Provided that for the time period ending January 31, 2000, the amount paid to Costco
shall equal ___% (instead of “Y”%) of the Costco Net Volume of Charges during
that period. Provided further that, if by April 8, 2000 Costco does not
complete its information systems requirements to support the issuance of the
Co-Branded Consumer Cards, then for the time period beginning April 8, 2000
through the date Costco completes its information systems requirements, the
amount paid to Costco shall equal ___% (instead of “Y”%) of the Costco Net
Volume of Charges during that period. (It is understood that, to make a payment
promptly, Amex may be required to use Net Annual Volume of Charge figures which
are tentative, and therefore may require adjustments in a future calendar
quarter.)
(b) In exchange for the marketing efforts provided by Costco
as contained in Section 2.02 (a) above, Costco shall be paid for each 12-month
period beginning with the issuance of the first Co-Branded Card, the amount
specified in the charts below for each Co-Branded Consumer Card Account and
each Co-Branded Small Business Card Account acquired during that 12-month
period.
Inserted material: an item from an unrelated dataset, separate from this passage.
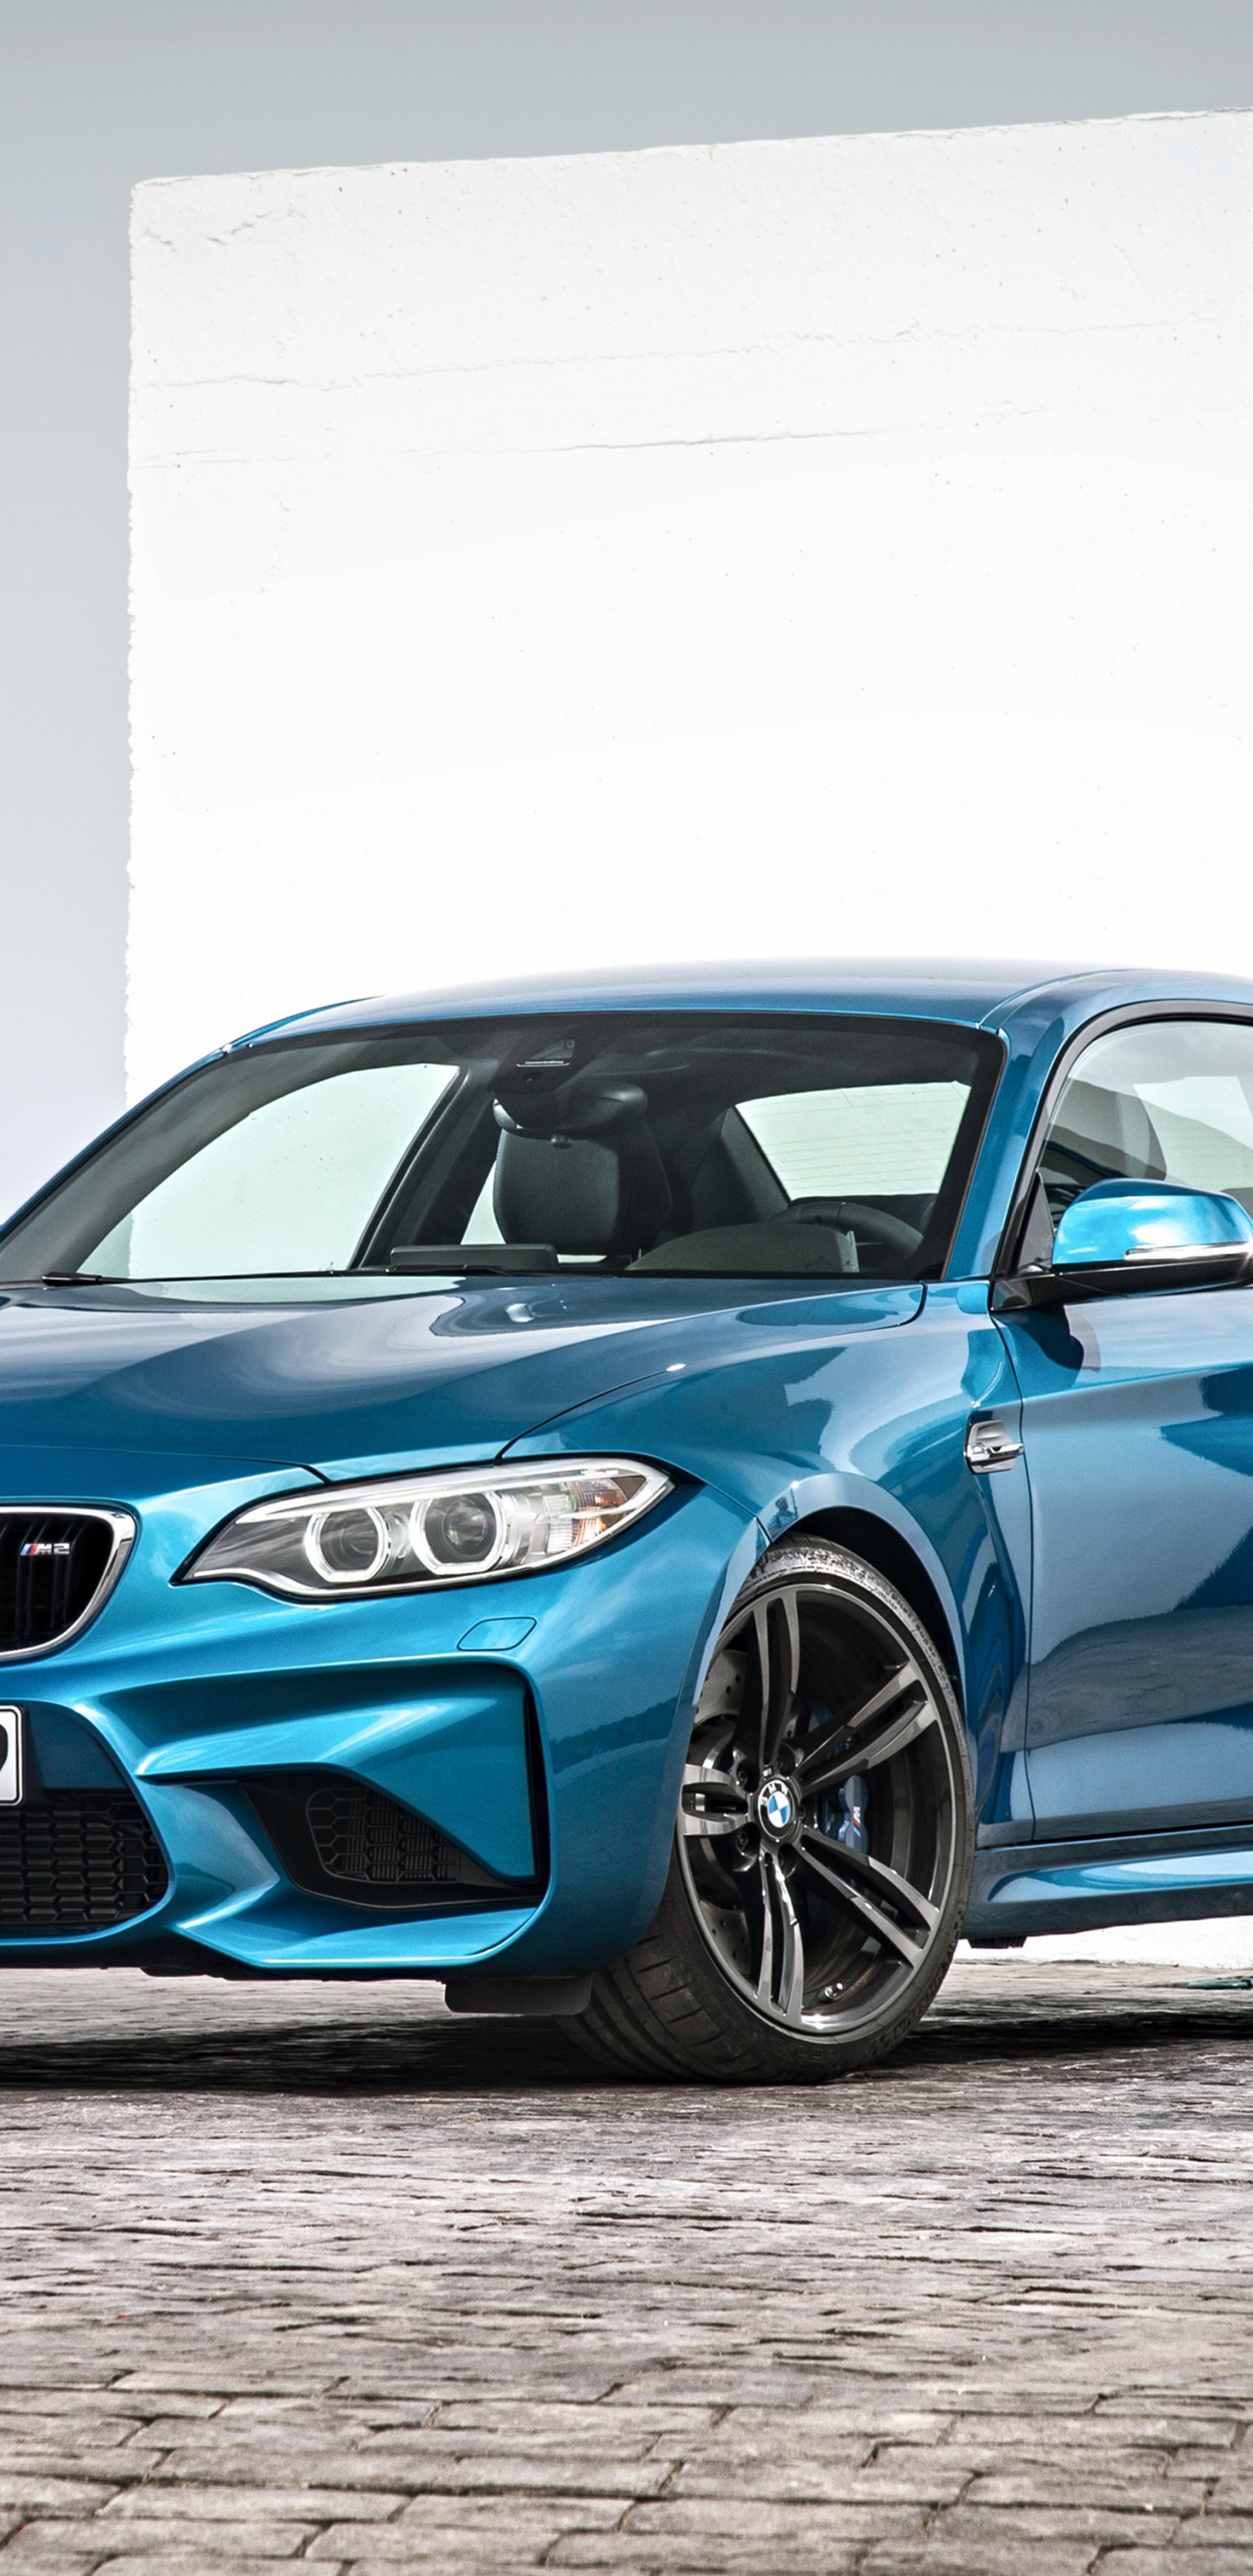 Blue Bmw m 3 Coupe. Wallpaper in 1440x2960 Resolution

All payments are inclusive of applicable Taxes. “Acquired”, for
purposes of this subsection (b) means that a Co-Branded Card Account was
approved, a Basic Card is issued by Amex, and the Basic Card is not cancelled
prior to the end of the calendar quarter in which it was approved. The number
of Accounts Acquired is determined for each such 12-month period independently
under the charts below as if each 12-month period begins with 0 Acquired
Accounts, i.e., there is no accumulation from one 12-month period to the next
12-month period. Payments under this subsection (b) shall be made within thirty
(30) days after the end of each calendar quarter in a given 12-month period.